Manny reached into the paper sack and handed Doc a bag of dope.

"If you want me to I can pull into this Texaco station up here so you can get yourself straight, Doc. This neighborhood's pretty cool."

"Naw, I reckon I can hang on to this one until suppertime."

The next morning Marge, Dallas, Graciela, and Doc all watched Jack Ruby shoot Lee Harvey Oswald dead on the same black-and-white TV, and not one of them saw the same thing.

"Didn't they see the goddamn gun?" Doc wondered. "I saw it! Stuck out there in front of him like that, just as plain as day!"

Marge didn't care. She believed that what they had all witnessed was not only justice but a particular brand of retribution that she approved of wholeheartedly. "Serves the Commie son of a bitch right!" she said with a snort as she poured herself a second cup of coffee.

Dallas wasn't so sure.

Her real name was Dorothy. She was called Dallas because that was, indeed, where she came from, and when Jack Ruby's name and likeness flashed across the screen she shook her head and wrung her hands and wondered out loud what the world was coming to. "Did you see that? The way the bastard just walked right in there! Into the police station and shot that poor man on TV and all! In front of God and everybody! At the very least he had the right to expect a fair trial. Ain't that how it's supposed to be?"
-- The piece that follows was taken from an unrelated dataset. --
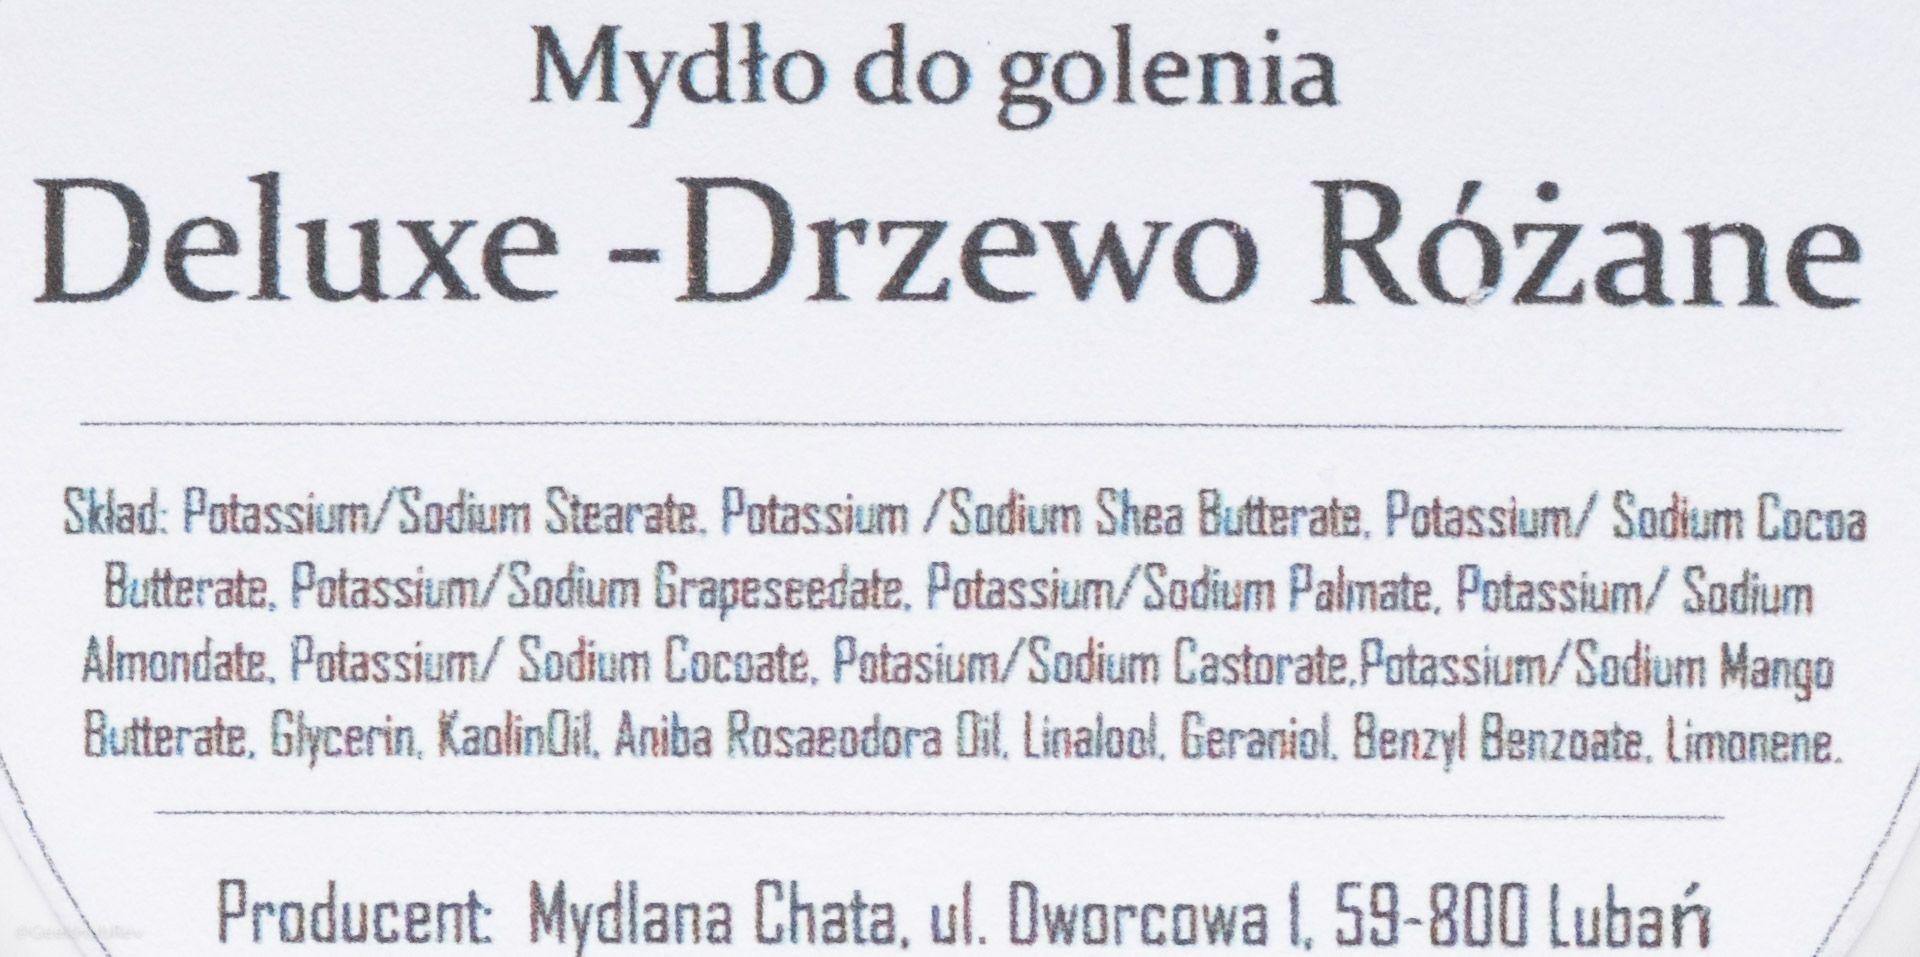 Skład mydła do golenia Mydlana Chata Drzewo Różane

"No," Doc said matter-of-factly. "He saw it coming. You could tell. You could see it in his eyes." Before anybody had a chance to ask what the hell he meant by that, he retired to the bathroom in the hall for a little lick of dope. He caught his own eye in the corner of the mirror and he shivered when he saw the same resignation there that he had seen on Oswald's face just before the bullets bent him double.

Graciela only wept silently and bled through the second bandage that Doc had applied that morning. She bled intermittently all that day and into the next, whenever, it seemed to Doc, another heartbreaking monochromatic image flickered across Marge's TV: the president's daughter kneeling beside her mother to kiss the flag that draped her father's coffin; his three-year-old son standing soldier straight and saluting as the funeral cortege rolled through Washington, DC. Doc changed her bandages each time, carefully avoiding conversation with Graciela or anyone else who might acknowledge that something extraordinary was taking place.